Apart from the pictures, the listing is to be returned exactly.

Collected data:

Content starts

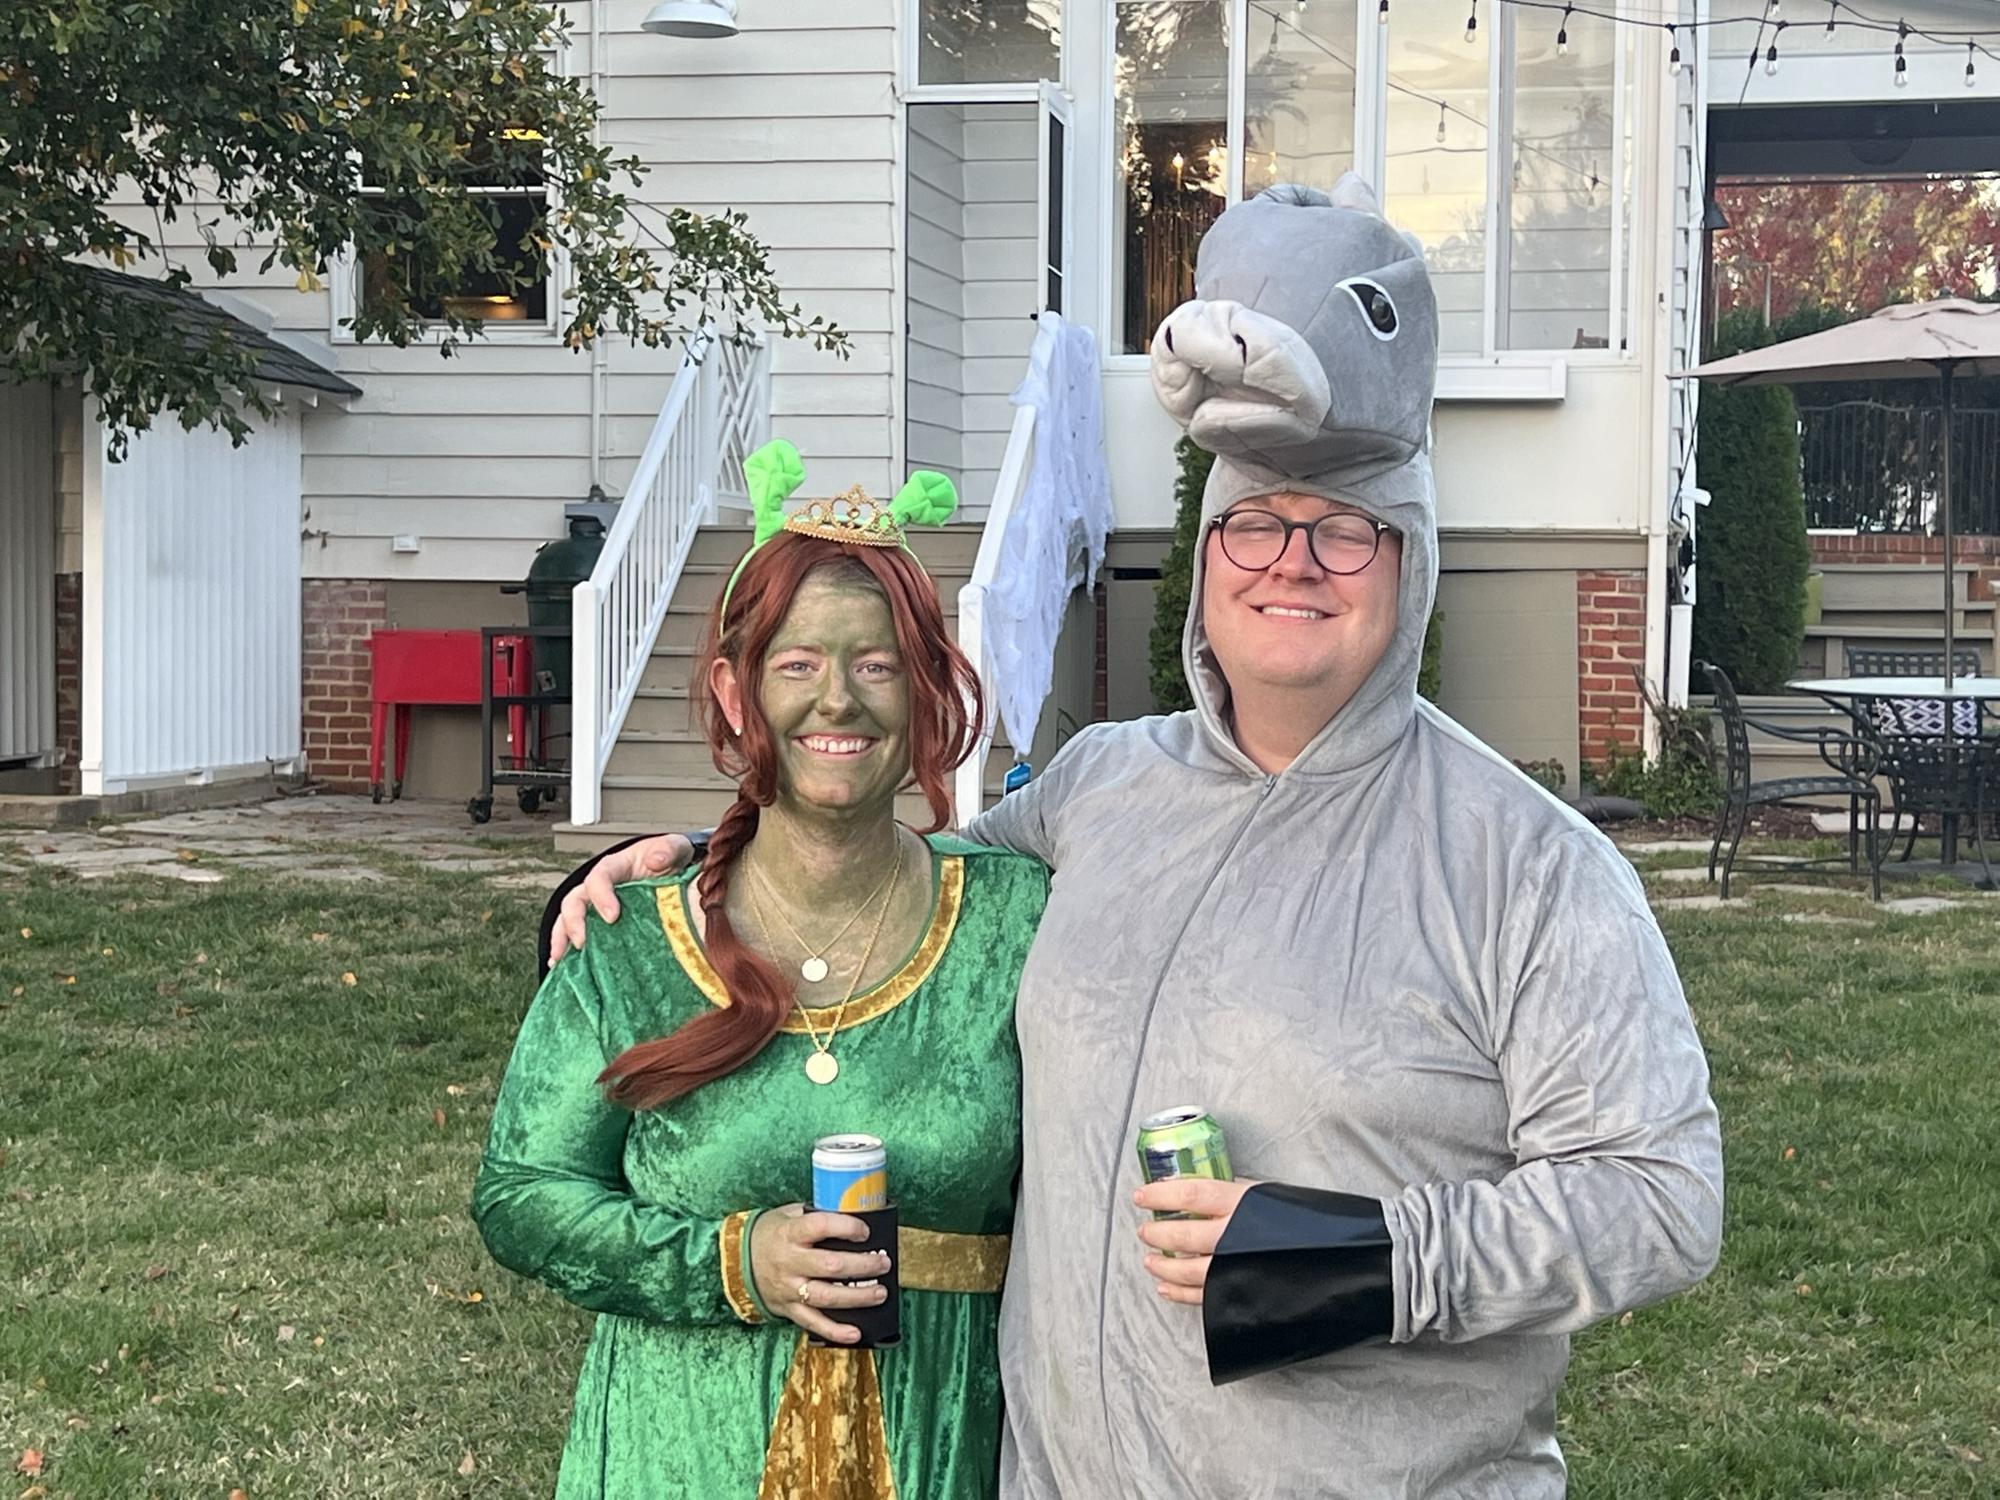 Princess Fiona (ogre version) and Donkey, Halloween 2022.
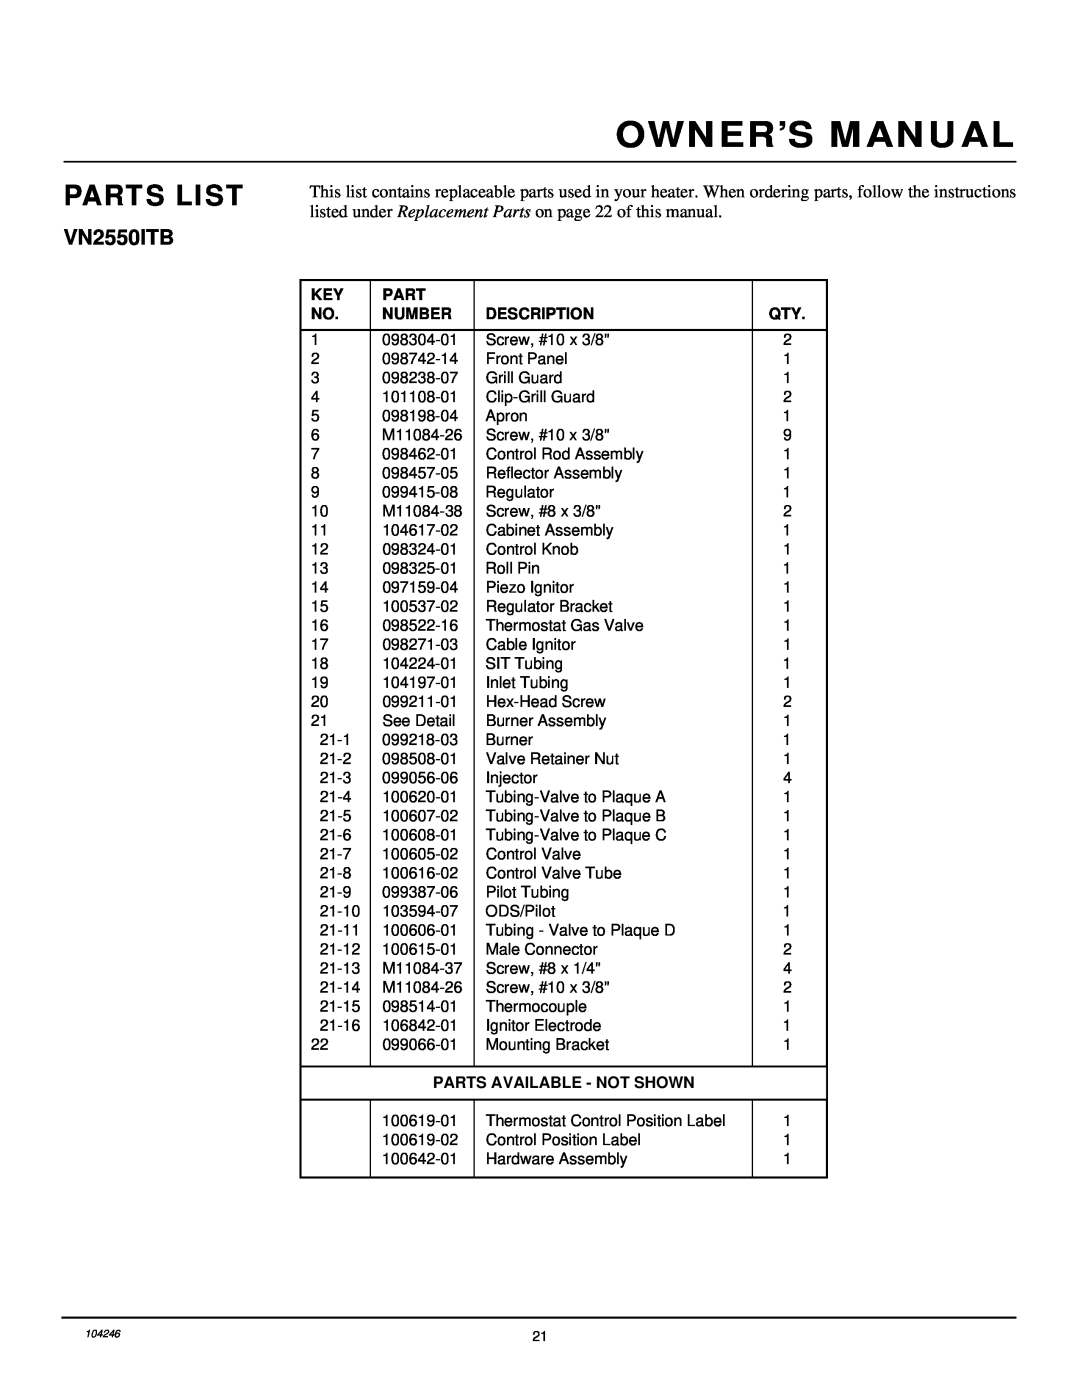 Vanguard Heating VN1800ITB installation manual Parts List, VN2550ITB 
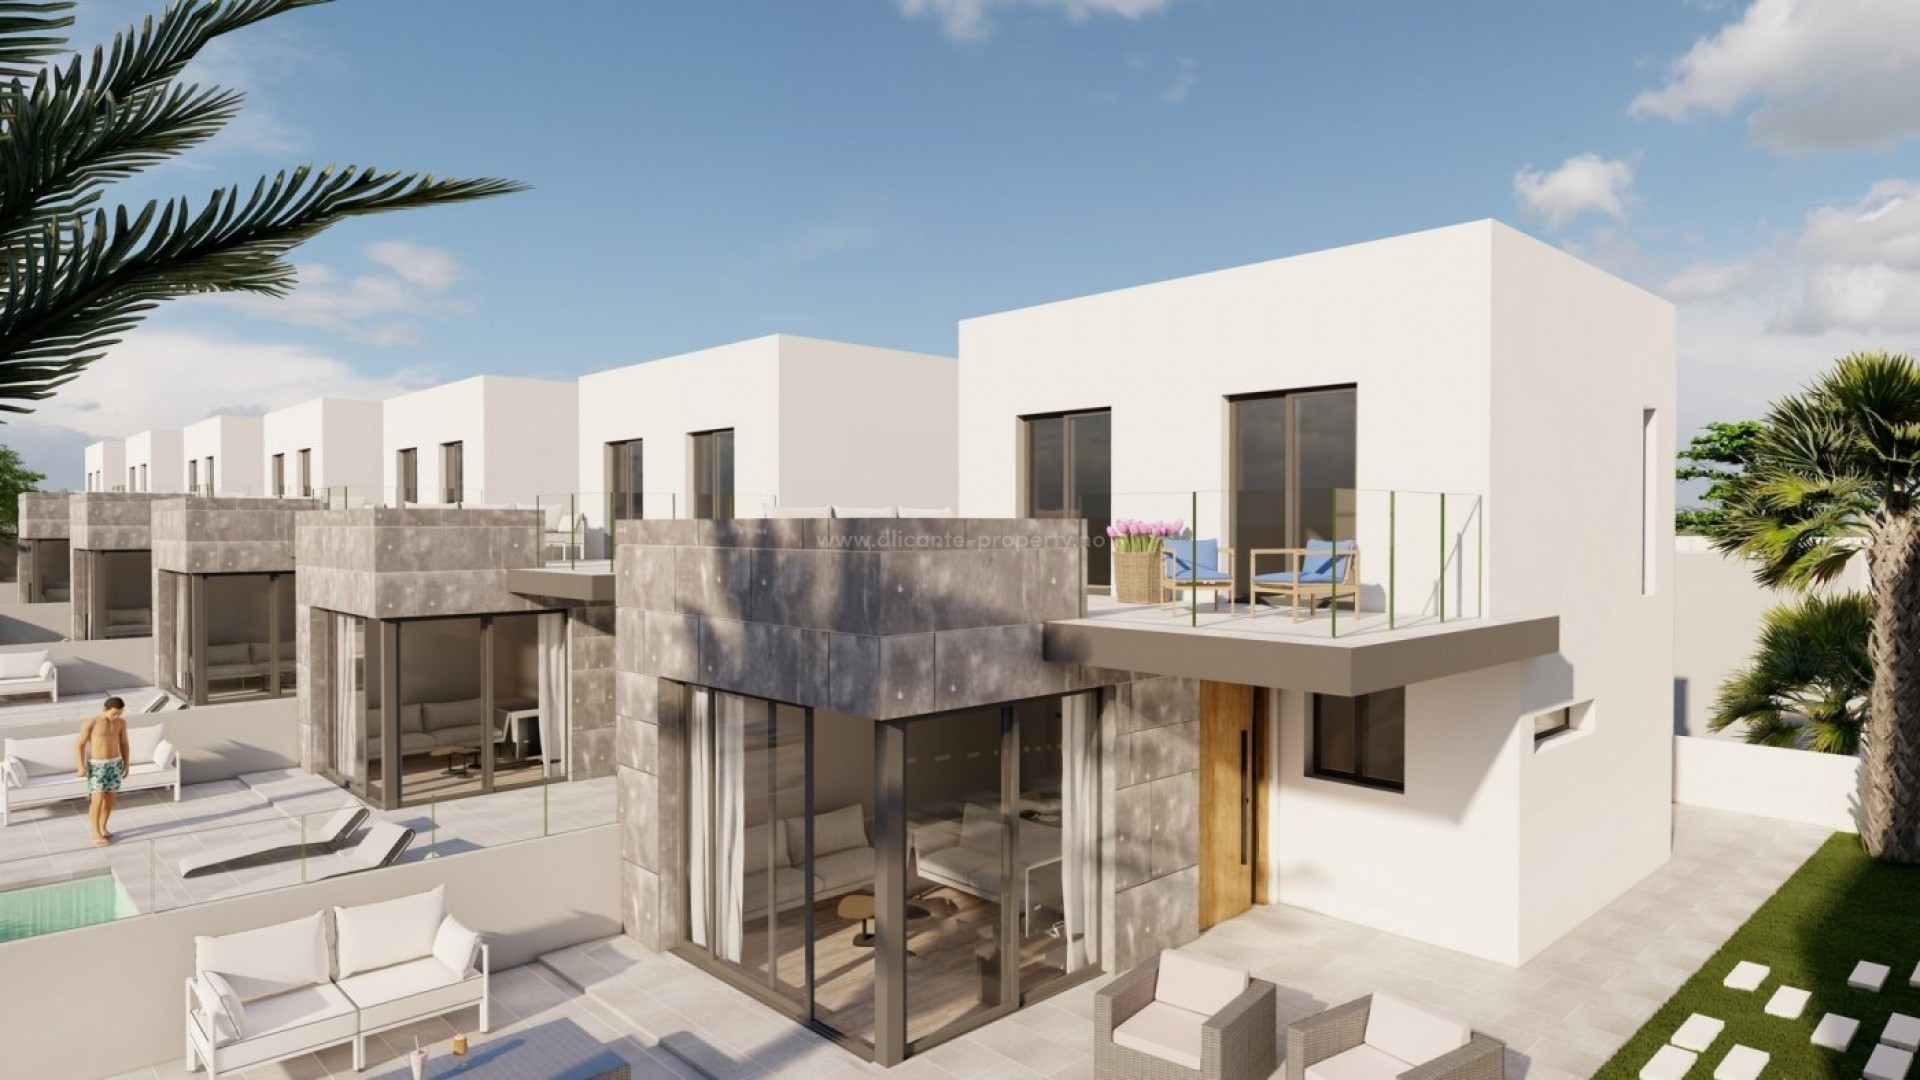 Brand new houses/villas in Los Altos de Torrevieja, 3 bedrooms (one with walk-in wardrobe), 2 bathrooms, guest toilet, pool, large terrace and solarium
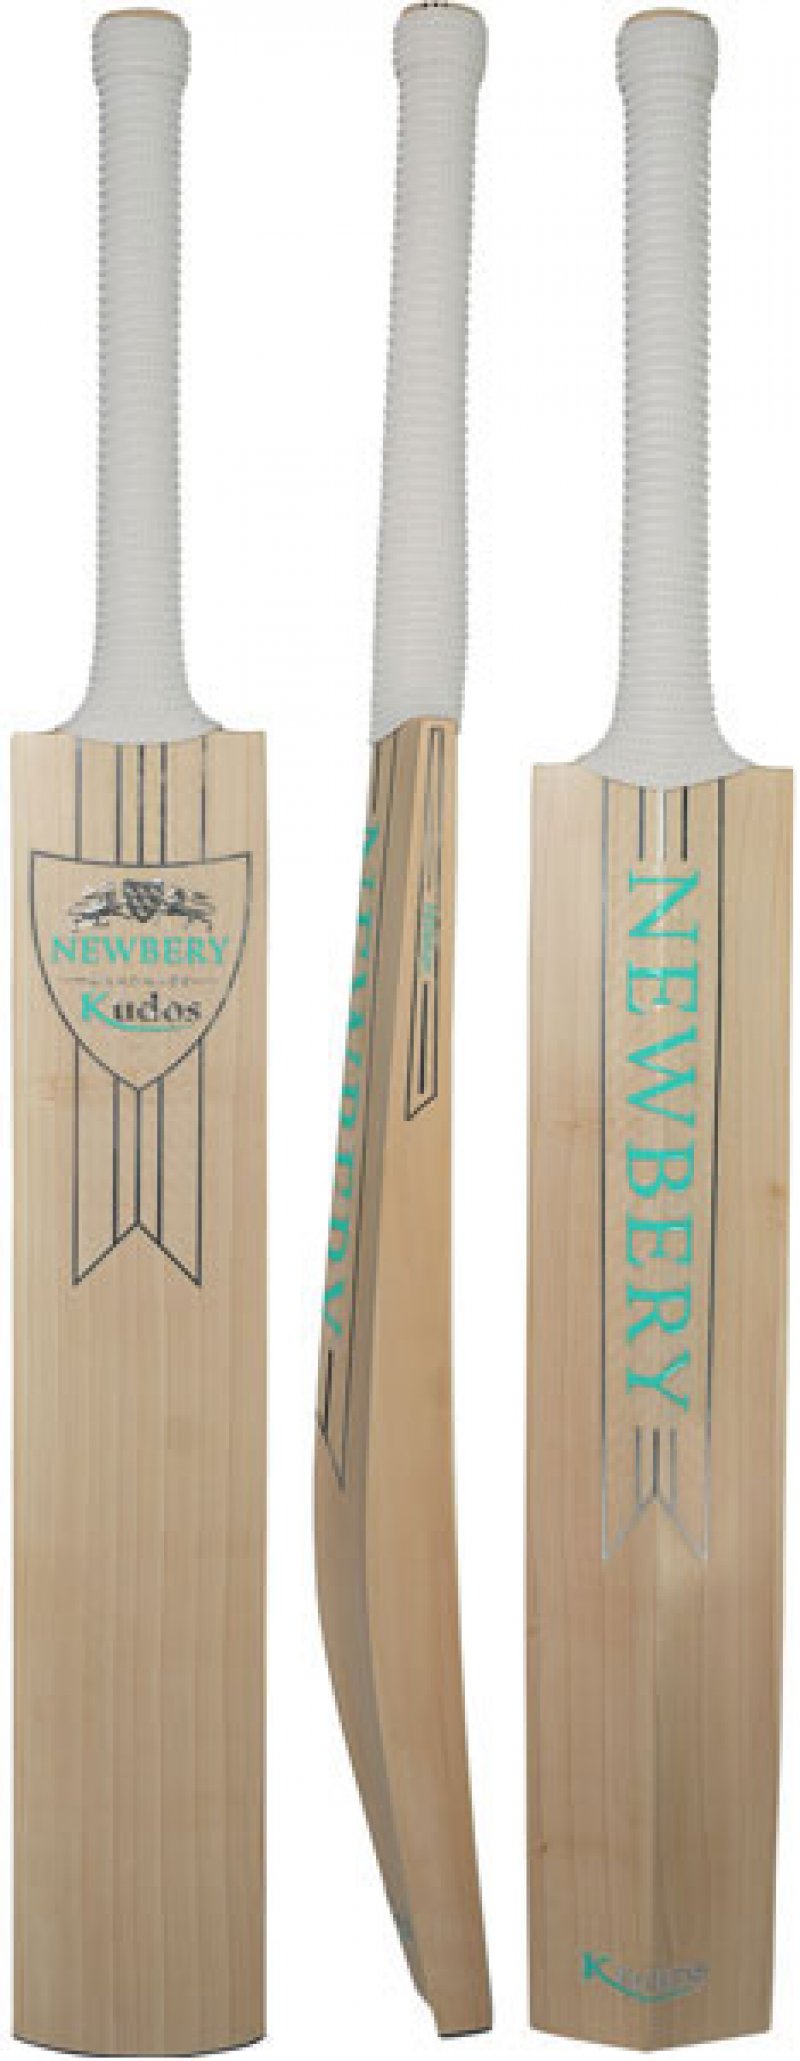 Newbery Kudos 5 Star Junior Cricket Bat

Content ends

Response box:
 Princess Fiona (ogre version) and Donkey, Halloween 2022.
 Vanguard Heating VN1800ITB installation manual Parts List, VN2550ITB 
 Brand new houses/villas in Los Altos de Torrevieja, 3 bedrooms (one with walk-in wardrobe), 2 bathrooms, guest toilet, pool, large terrace and solarium
 Newbery Kudos 5 Star Junior Cricket Bat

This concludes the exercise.